▼
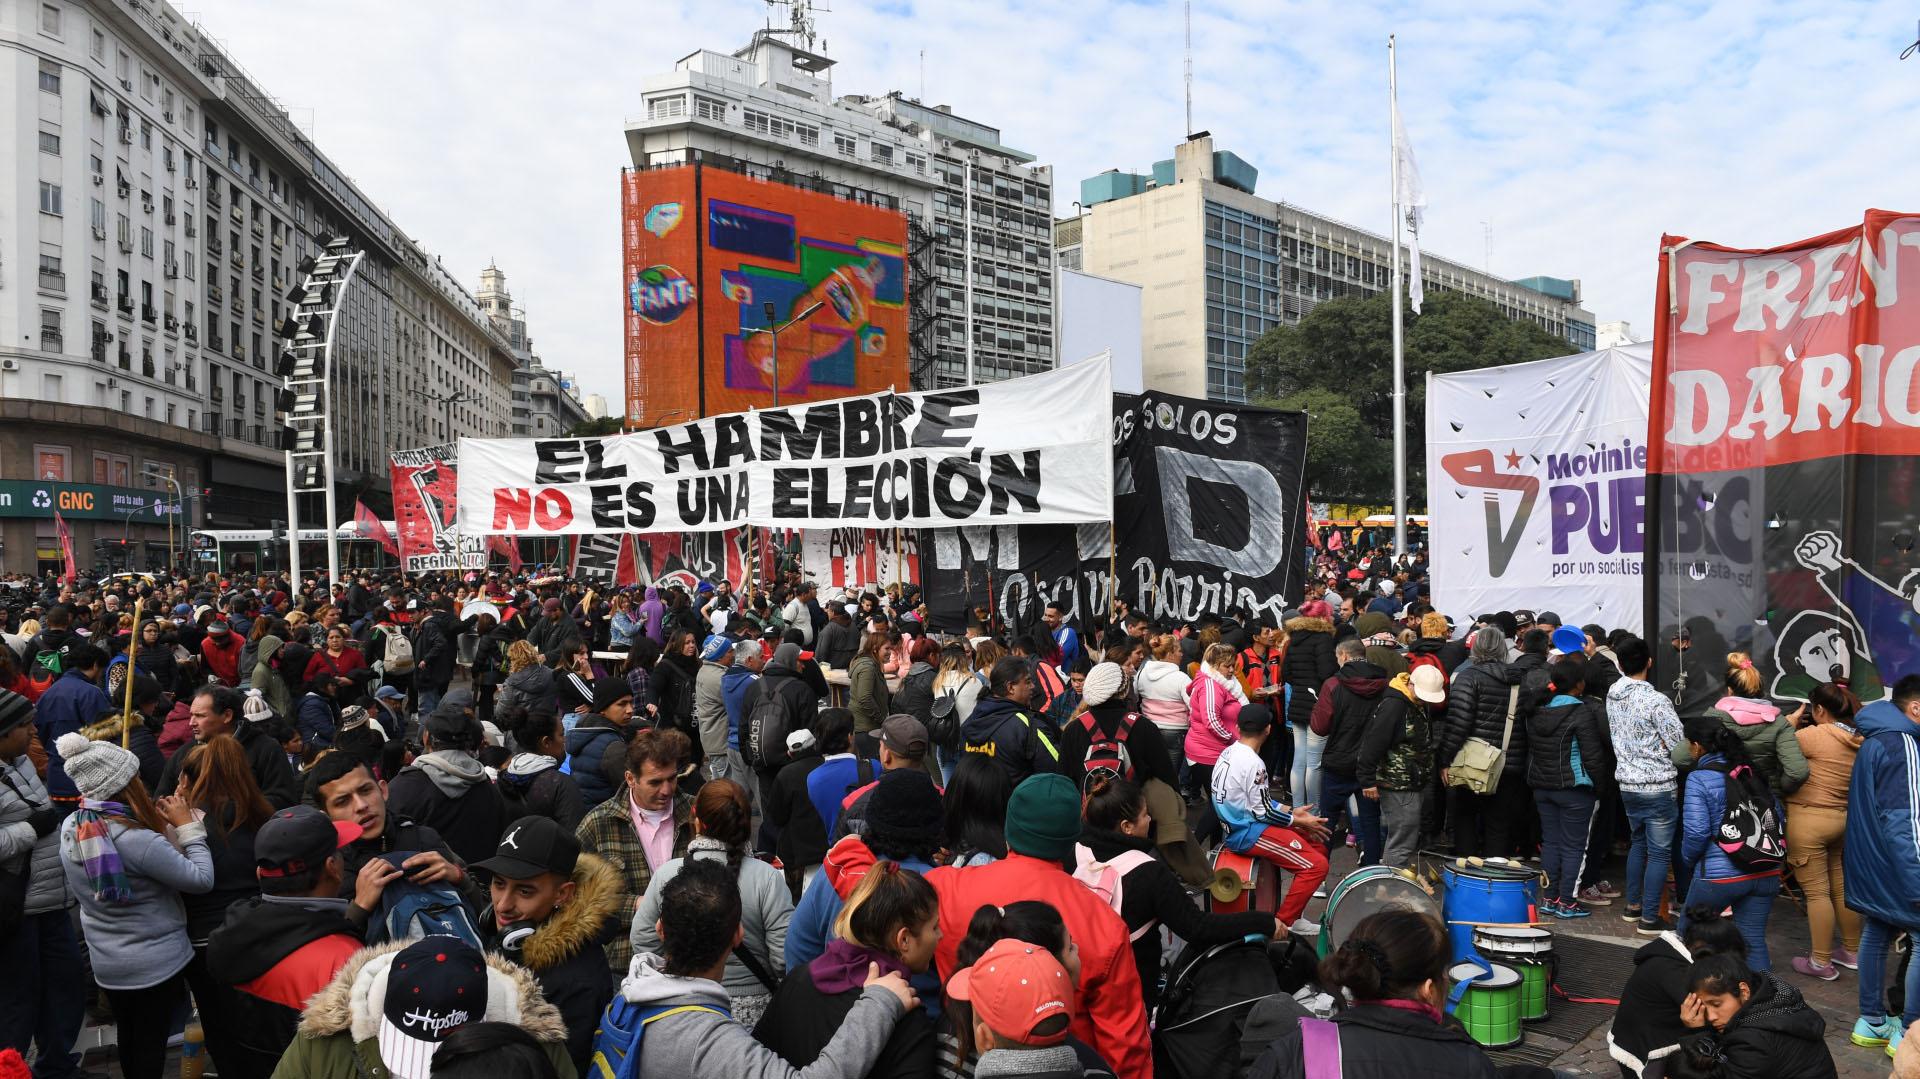 La movilizaciónse llevó adelante en la ciudad de Buenos Aires y 17 provincias
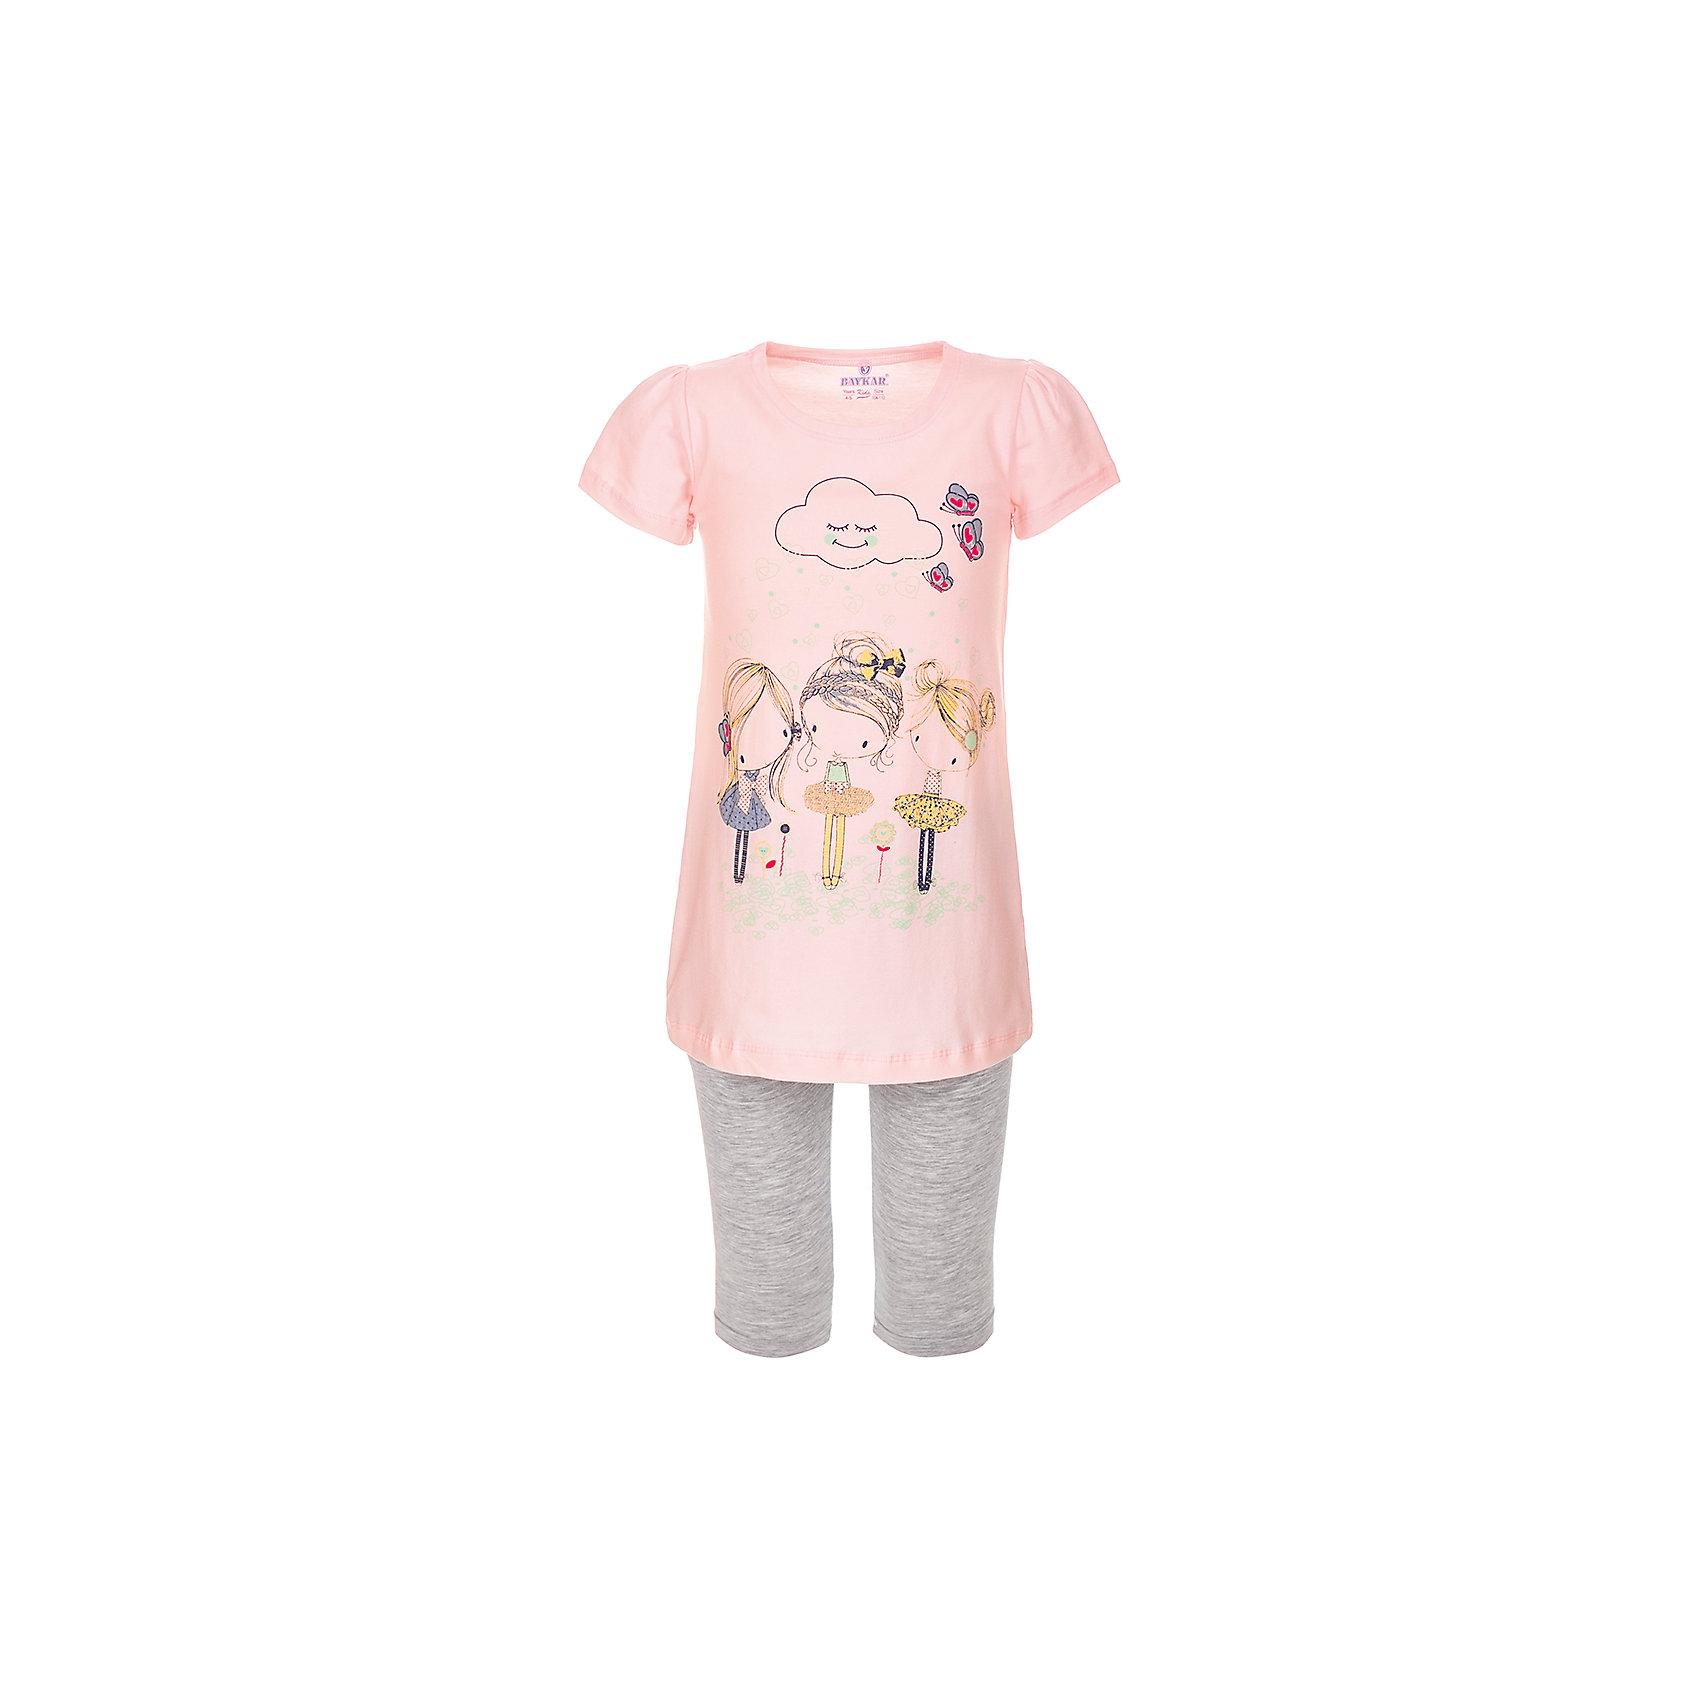 Пижама для девочки BaykarПижамы и сорочки<br>Характеристики товара:<br><br>• цвет: розовый<br>• состав ткани: 95% хлопок; 5% эластан<br>• комплектация: футболка, шорты<br>• пояс шорт: резинка<br>• сезон: круглый год<br>• страна бренда: Турция<br>• страна изготовитель: Турция<br><br>Пижама для девочки Baykar украшена симпатичным принтом. Этот комплект для сна из футболки и шорт сделан из мягкого дышащего материала. <br><br>Продуманный крой обеспечивает комфортную посадку. Розовая пижама для девочки позволяет обеспечить комфортный сон.<br><br>Пижаму для девочки Baykar (Байкар) можно купить в нашем интернет-магазине.<br><br>Ширина мм: 281<br>Глубина мм: 70<br>Высота мм: 188<br>Вес г: 295<br>Цвет: розовый<br>Возраст от месяцев: 72<br>Возраст до месяцев: 84<br>Пол: Женский<br>Возраст: Детский<br>Размер: 116/122,98/104,104/110,110/116<br>SKU: 6764842
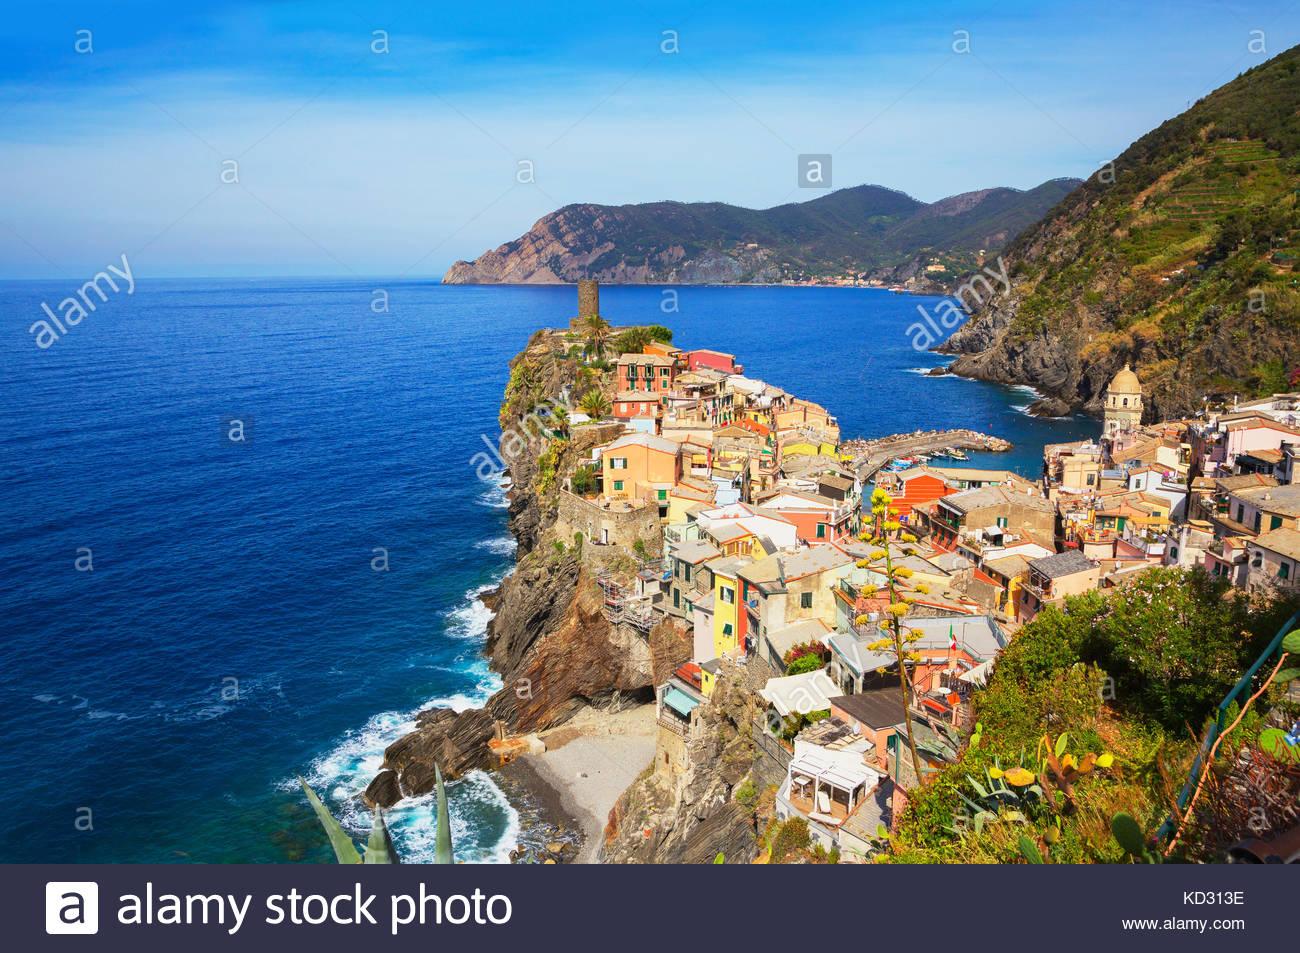 Cliff Side aldea pesquera, Vernazza, Liguria, Italia, Europa Foto de stock
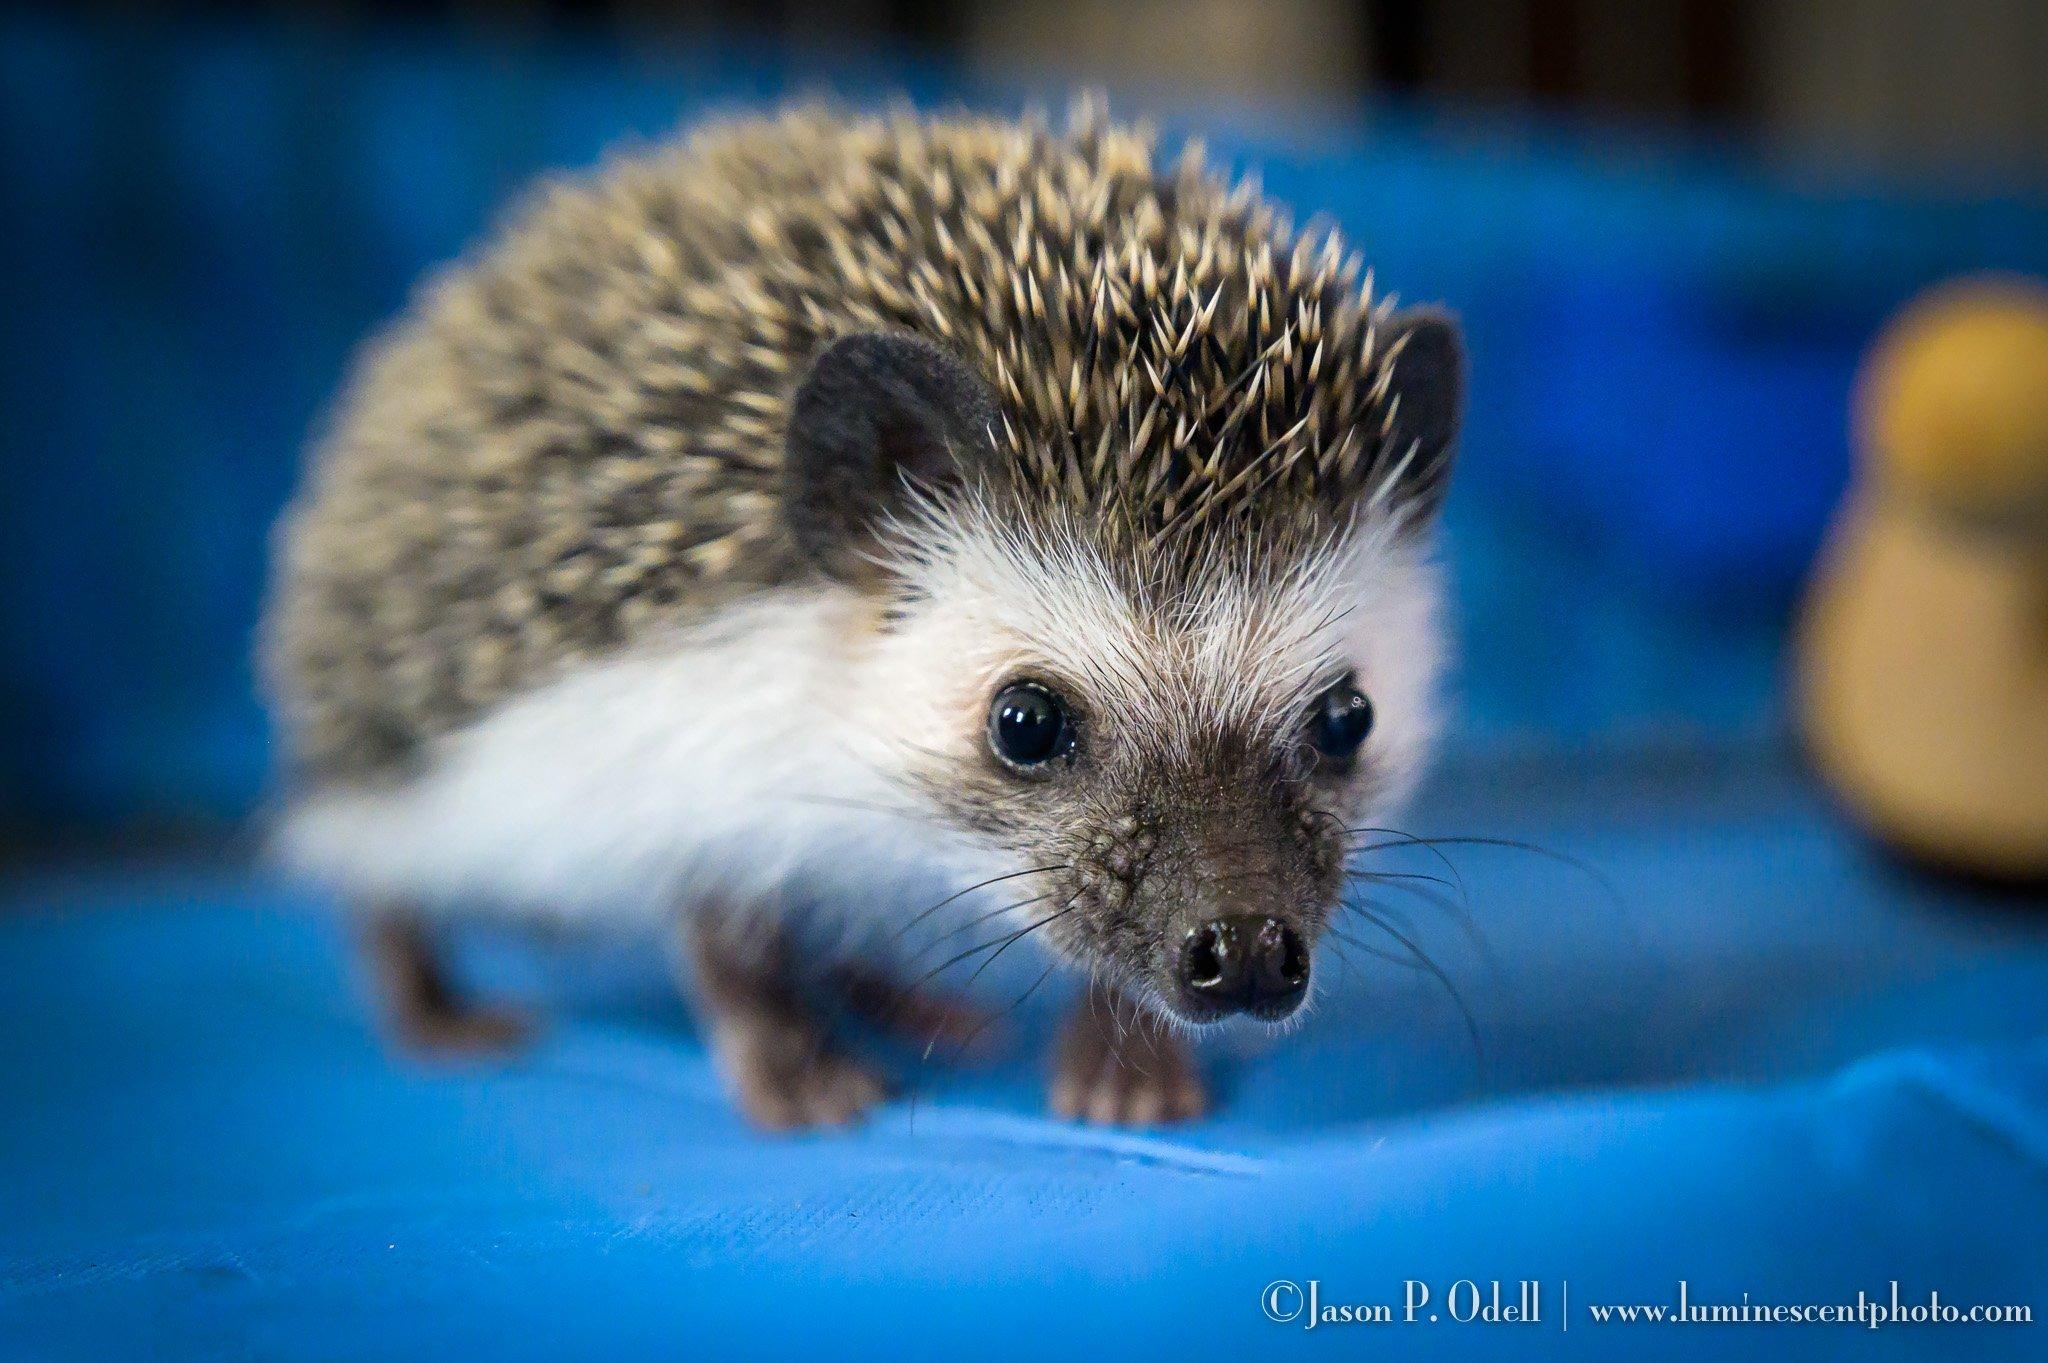 Lemmy the hedgehog
▲
#### [EXERCISE BRIEF]
Omit the pictures and write out the remaining data exactly.

#### [ANSWER TO THE EXERCISE]
 La movilizaciónse llevó adelante en la ciudad de Buenos Aires y 17 provincias
 Пижама для девочки BaykarПижамы и сорочки<br>Характеристики товара:<br><br>• цвет: розовый<br>• состав ткани: 95% хлопок; 5% эластан<br>• комплектация: футболка, шорты<br>• пояс шорт: резинка<br>• сезон: круглый год<br>• страна бренда: Турция<br>• страна изготовитель: Турция<br><br>Пижама для девочки Baykar украшена симпатичным принтом. Этот комплект для сна из футболки и шорт сделан из мягкого дышащего материала. <br><br>Продуманный крой обеспечивает комфортную посадку. Розовая пижама для девочки позволяет обеспечить комфортный сон.<br><br>Пижаму для девочки Baykar (Байкар) можно купить в нашем интернет-магазине.<br><br>Ширина мм: 281<br>Глубина мм: 70<br>Высота мм: 188<br>Вес г: 295<br>Цвет: розовый<br>Возраст от месяцев: 72<br>Возраст до месяцев: 84<br>Пол: Женский<br>Возраст: Детский<br>Размер: 116/122,98/104,104/110,110/116<br>SKU: 6764842
 Cliff Side aldea pesquera, Vernazza, Liguria, Italia, Europa Foto de stock
 Lemmy the hedgehog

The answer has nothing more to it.